3) Wie würdet ihr den Radiator samt Lüfter platzieren? Hierzu einige Infos zum derzeitigen Setup:

Gehäuse ist ein Core 1500 von Fractal Design.
Vorne saugen die zwei 120er Pure Wings der Silent Loop kalte Luft an und pusten sie durch den Radio ins Gehäuse. Zwei 120er Silent Wings saugen die warme Luft an und blasen sie nach oben aus dem Gehäuse. Bin mit den CPU-Temps auch sehr zufrieden.

Bliebe entweder die Möglichkeit, Radi und Lüfter der GPU im Boden zu installieren (um von dort kalte Luft anzusaugen), obwohl ich glaube, da ist wegen dem Netzteil samt Kabeln auf der einen und dem Radiator der Silent Loop auf der anderen Seite kein wirklicher Platz dafür.  Oder aber man nutzt den hinteren Platz. Dann lieber kalte Luft ansaugen und ebenfalls durch den Radi ins Gehäuse blasen oder die (angewärmte) Gehäuse-Luft durch den Radi nach draußen blasen (bin mir nicht sicher, wie sehr sich die angewärmte Gehäuse-Luft auf die Kühlleistung auswirkt)?

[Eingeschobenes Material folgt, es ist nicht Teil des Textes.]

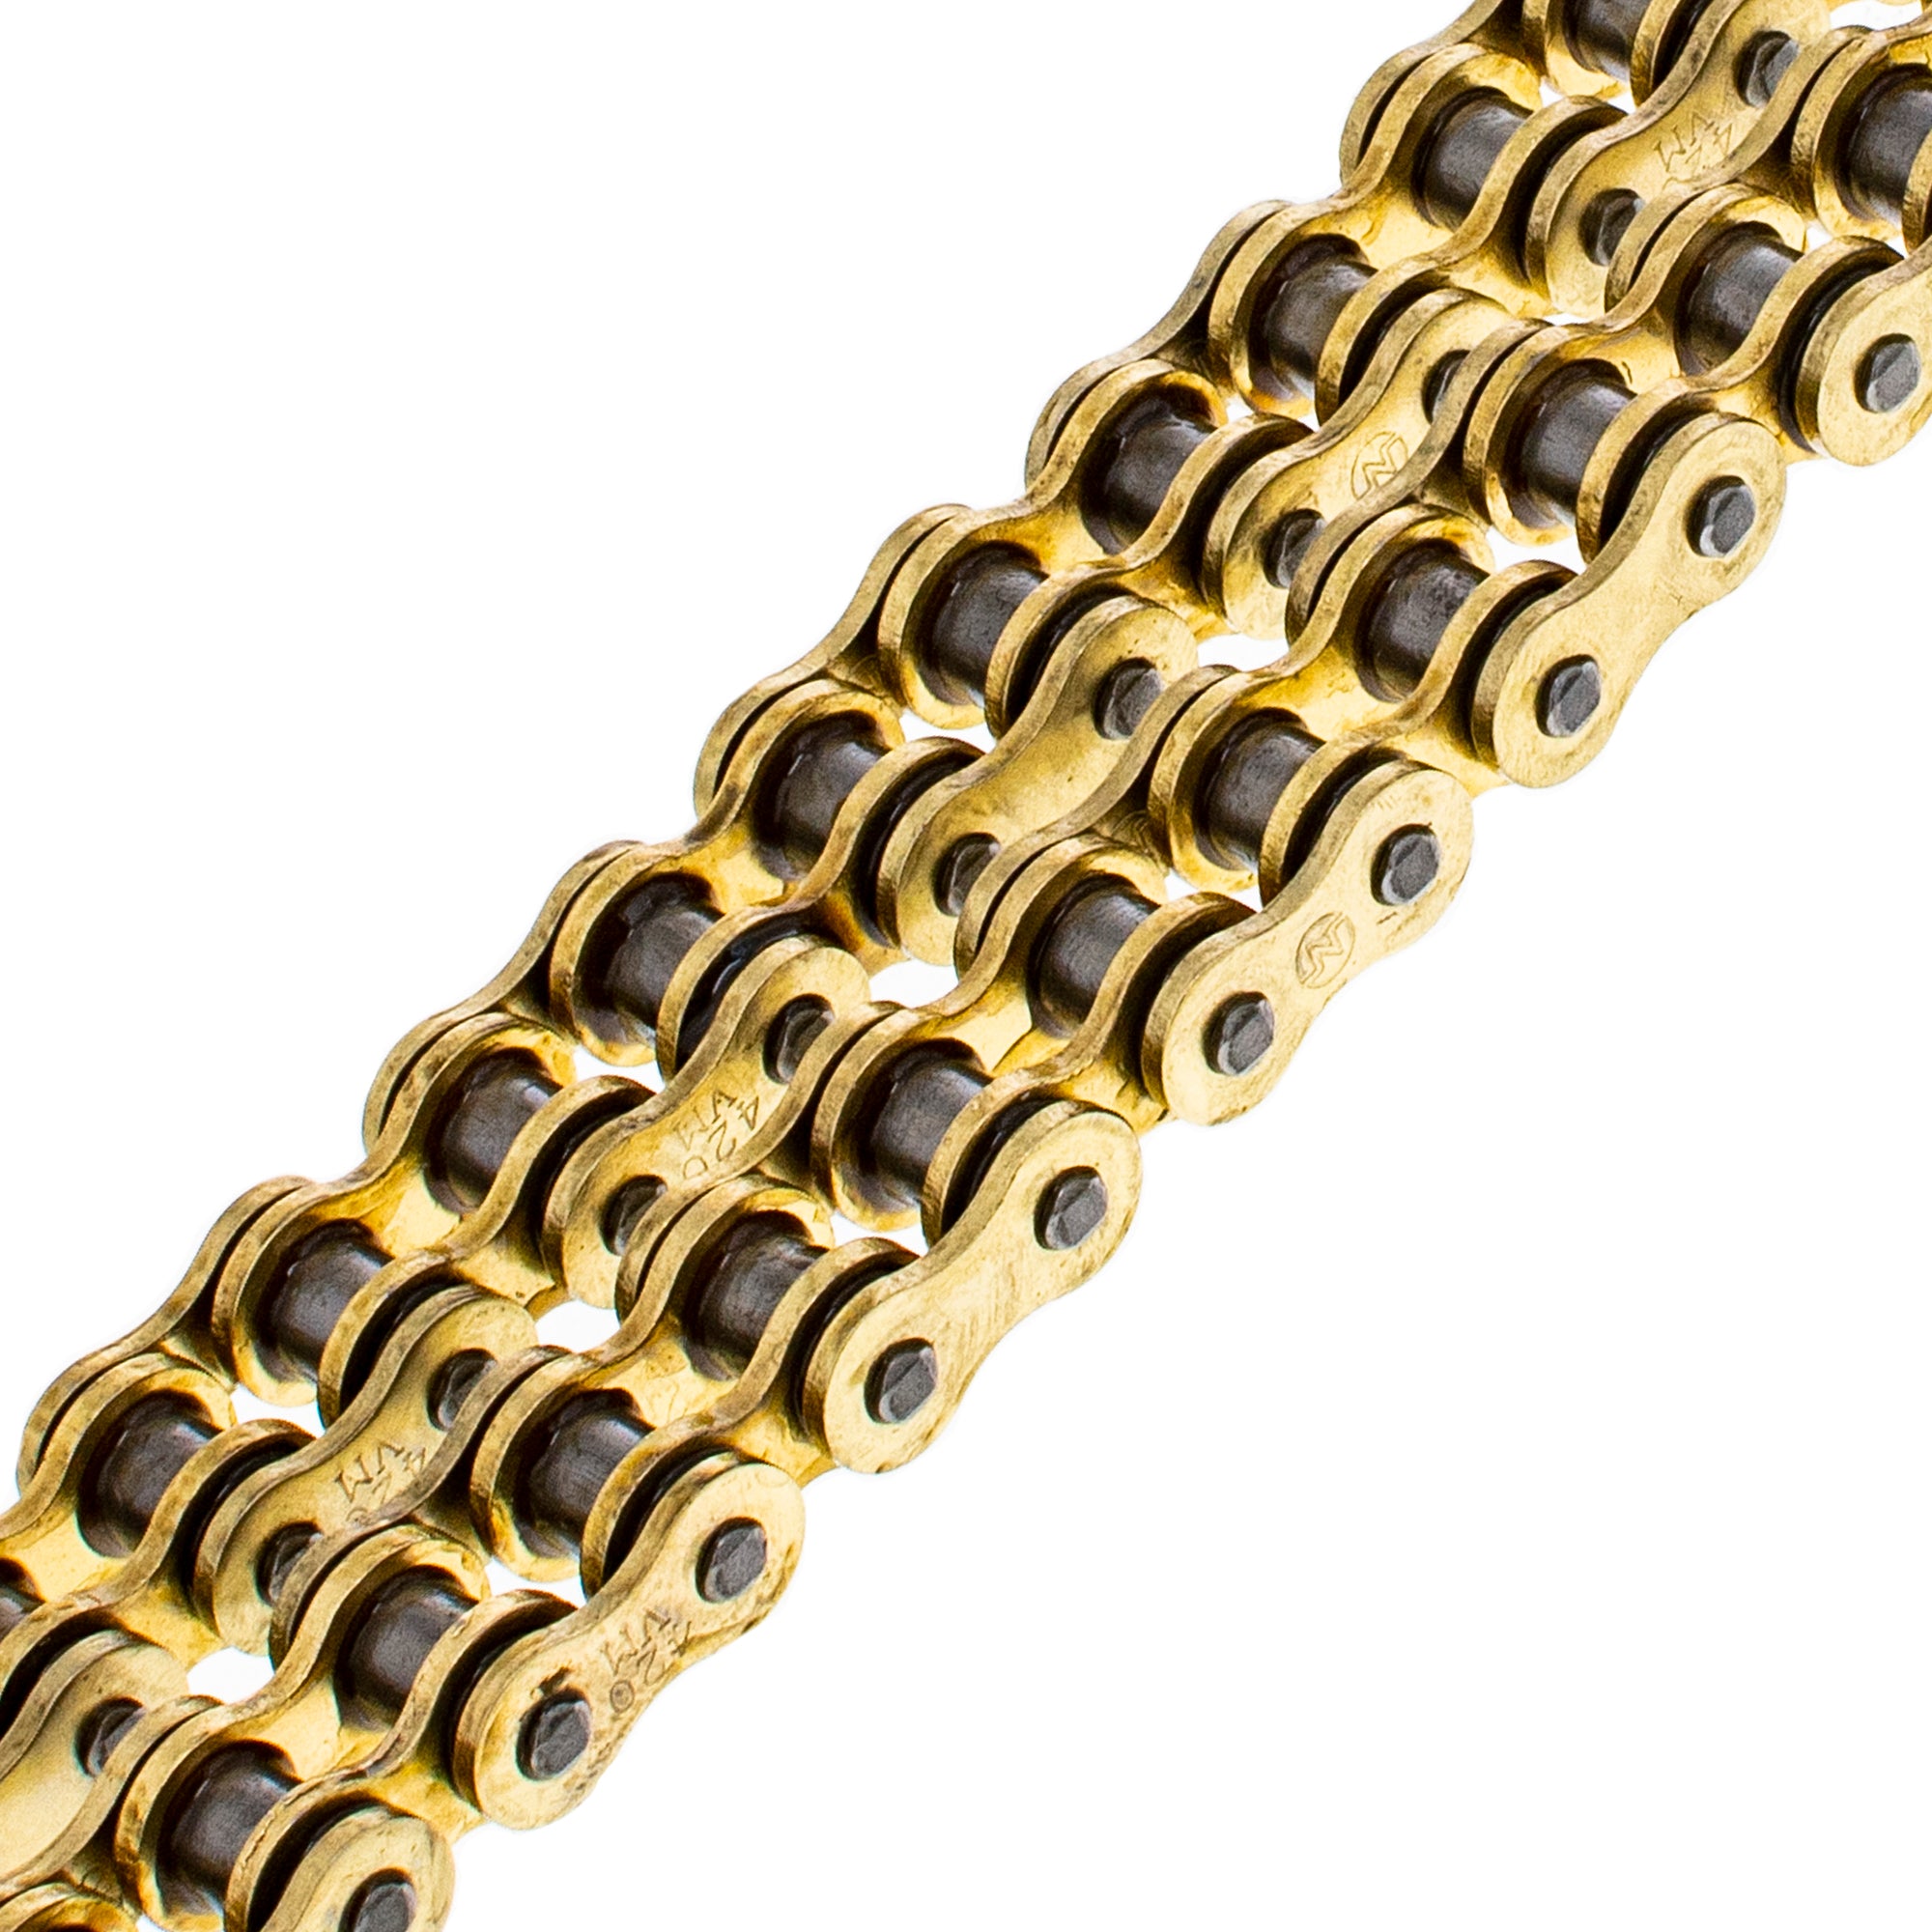 Gold X-Ring Chain 96 w/ Master Link for zOTHER XL80S C70 5489 NICHE 519-CDC2590H

Bedanke mich schon jetzt für euer Feedback 

Achja: Nein, eine richtige WaKü möchte ich nicht (mehr). 

Edit: Da der Kühler nun bestellt ist (und hoffentlich auch kurzfristig geliefert wird), würde ich das ganze Vorhaben für Interessierte hier auch bildlich festhalten und ein kurzes Fazit (insb. zu den Temps) verfassen.


----------



## Helljumper94 (18. November 2017)

Ralle82 schrieb:


> 1) Hat jemand schon mal direkt bei EVGA bestellt, wie lange dauert die Lieferung in etwa (Kommt das aus den Staaten?)?



Zumindest die Frage kann ich dir beantworten. Ich habe selbst erst vor ca. 2 wochen eine 1080 TI SC 2 Hydro Copper im deutschen EVGA Store bestellt und die war nach 2 Tagen da, versendet wurde aus Amsterdam. Also wenn das Teil auf der deutschen Seite vorrätig ist geht das ruck zuck!


----------



## Ralle82 (18. November 2017)

So, ich habe den Kühler jetzt einfach mal geordert, es juckte in den Fingern... Bin mal gespannt, von wo er kommt und wie lange es dauert.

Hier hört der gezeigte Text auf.